The momentum was there before they arrived.
The wins keep coming. The rewards pile up. The results look impressive.
But instead of recognizing the momentum they’ve inherited, they begin attributing the success primarily to themselves.
The movement was already underway.
The train was already rolling downhill.
The soil had already been cultivated.
And yet success has a way of convincing us that we caused more of it than we actually did.
Once you start noticing this, it’s hard to un-notice.
Which makes me pause.
How much inherited momentum exists in my own life?
How many of my victories are really someone else’s muscle?
How many opportunities were created by another person’s sacrifice?
How many doors were opened by someone else’s discipline?

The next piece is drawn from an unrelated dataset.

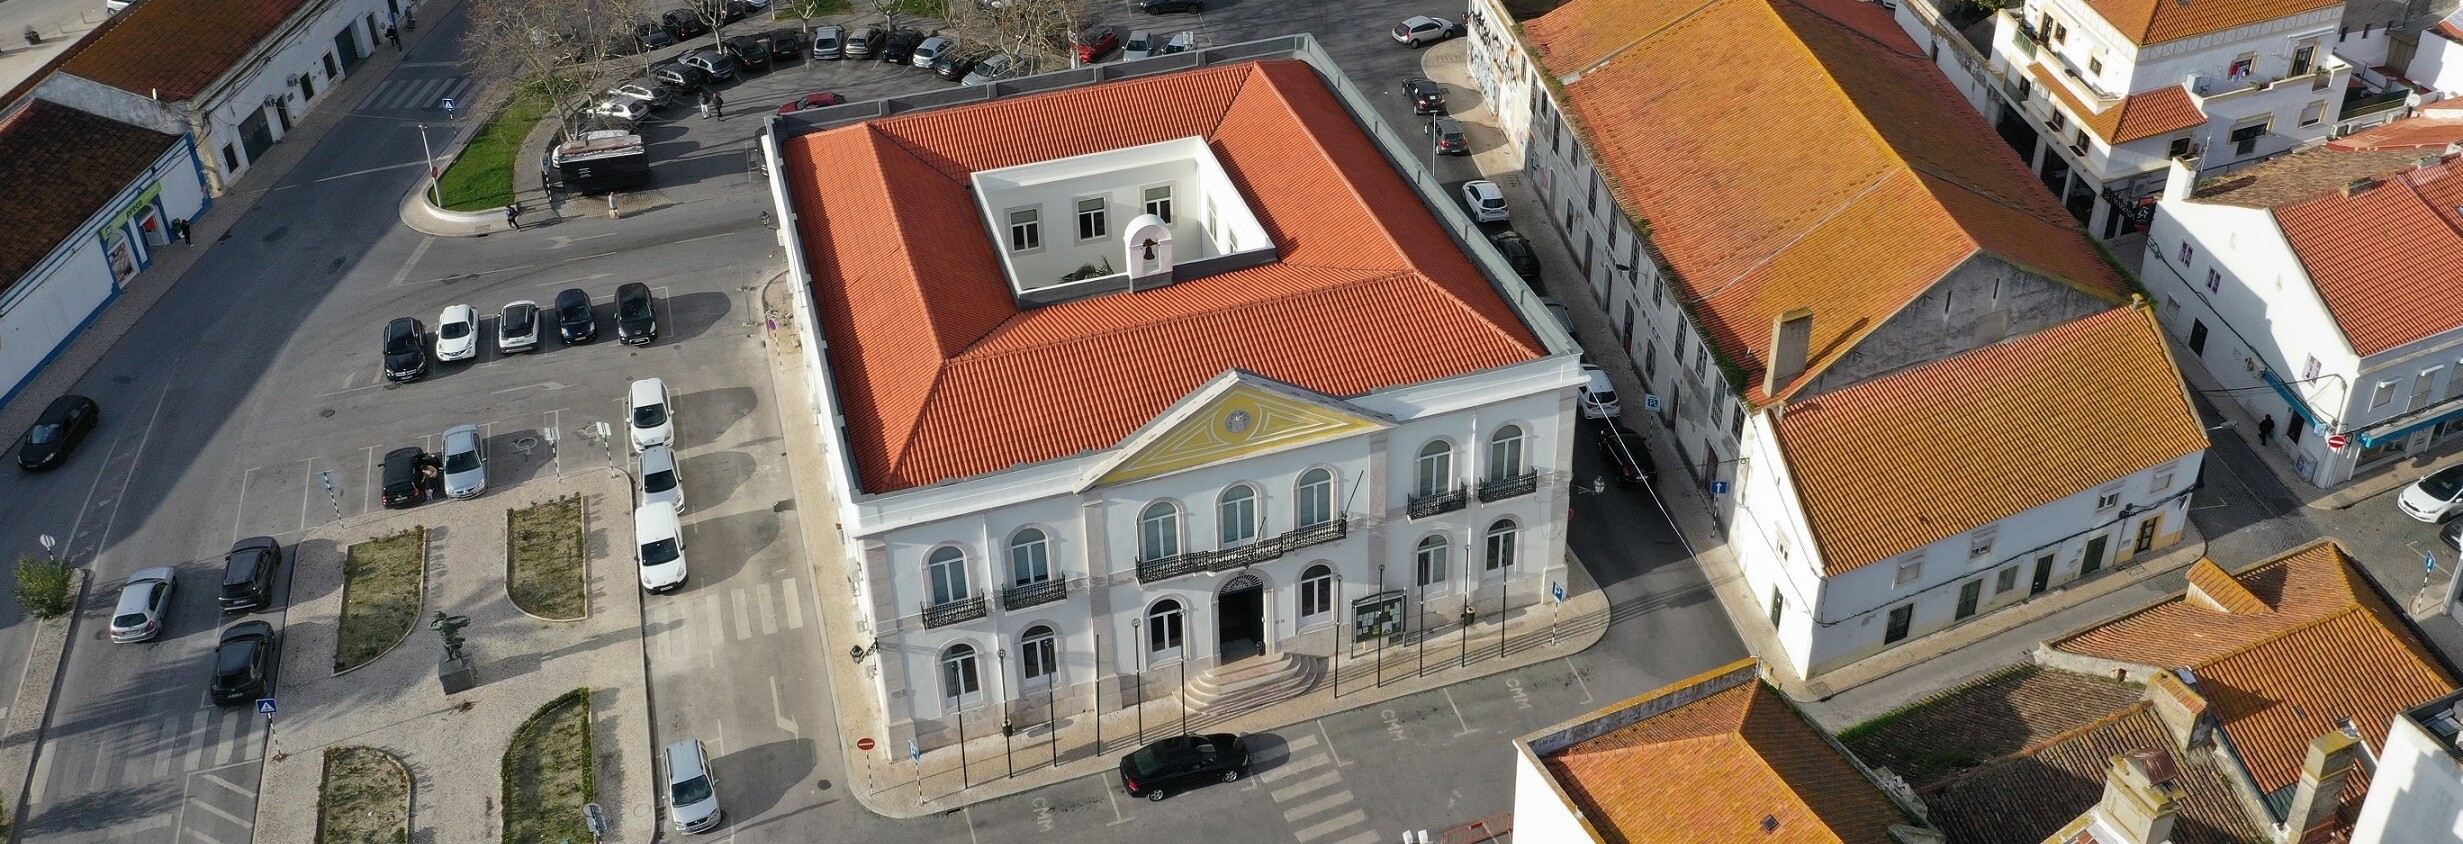 Câmara Municipal do Montijo apoia eventos desportivos e culturais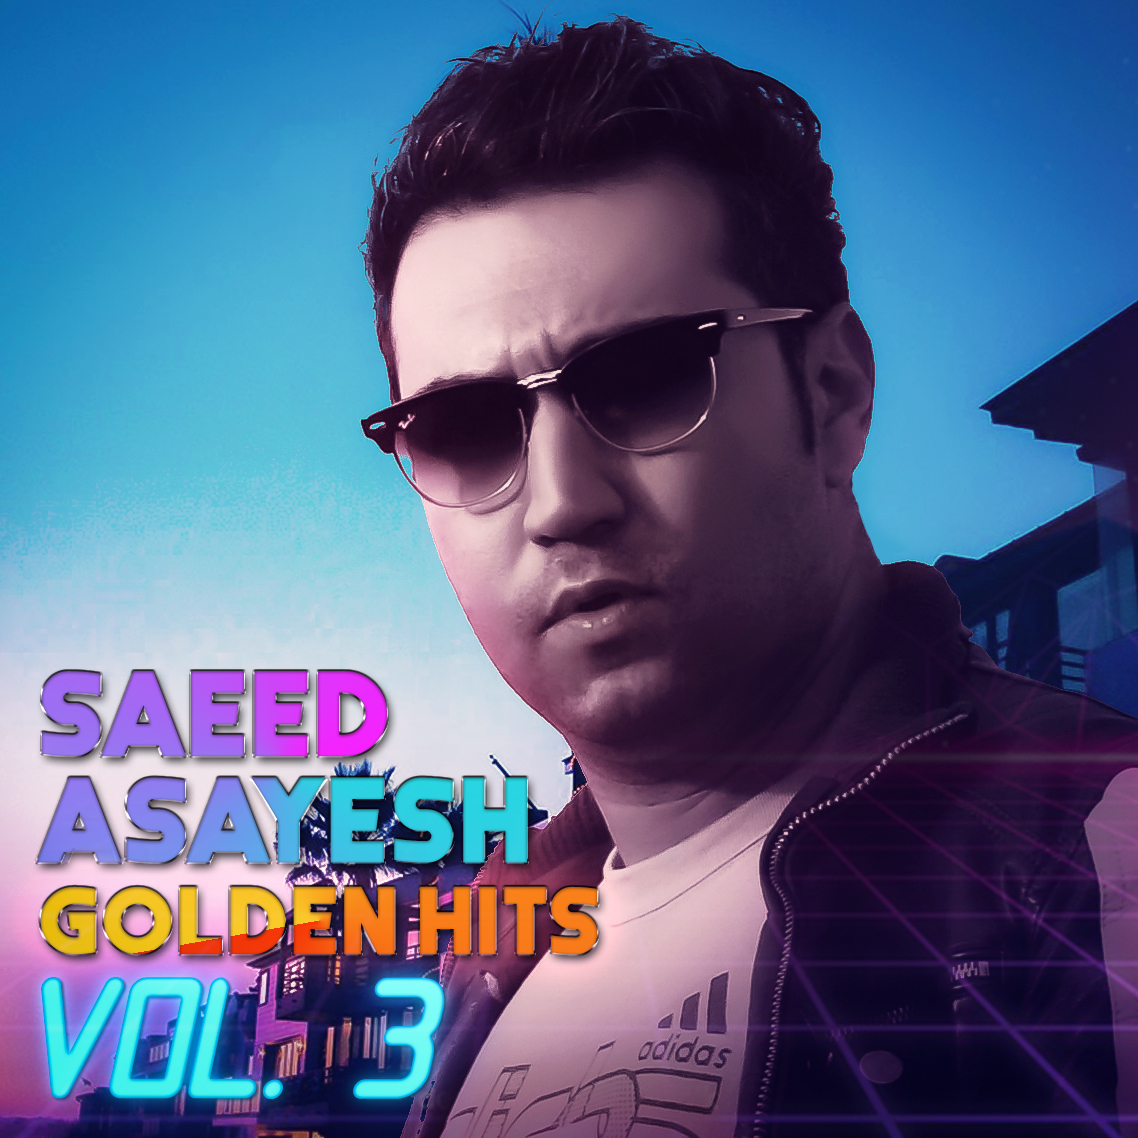  دانلود آهنگ جدید سعید آسایش - خیابون | Download New Music By Saeed Asayesh - Khiaboon

How many times have I been congratulated for something that was actually the cumulative result of another set of brains, another set of hands, or another person’s years of faithful work?
I guess what I’m saying is that a little humility would do us all some good.
A pause before the victory lap, or a moment of introspection.
Who helped build the thing I’m standing on?
Who carried the load before I arrived?
What is upstream of the good things happening in my life?
I suspect there’s almost always an answer.
And acknowledging it may preserve not only our humanity, but our vision.
Because momentum has a way of disguising reality.
Winning can make us less observant.
Success can make us careless.
And when the momentum eventually slows…and all momentum eventually does…people who understand where the success came from have a chance to adapt.
People who believed they were the source are often blindsided.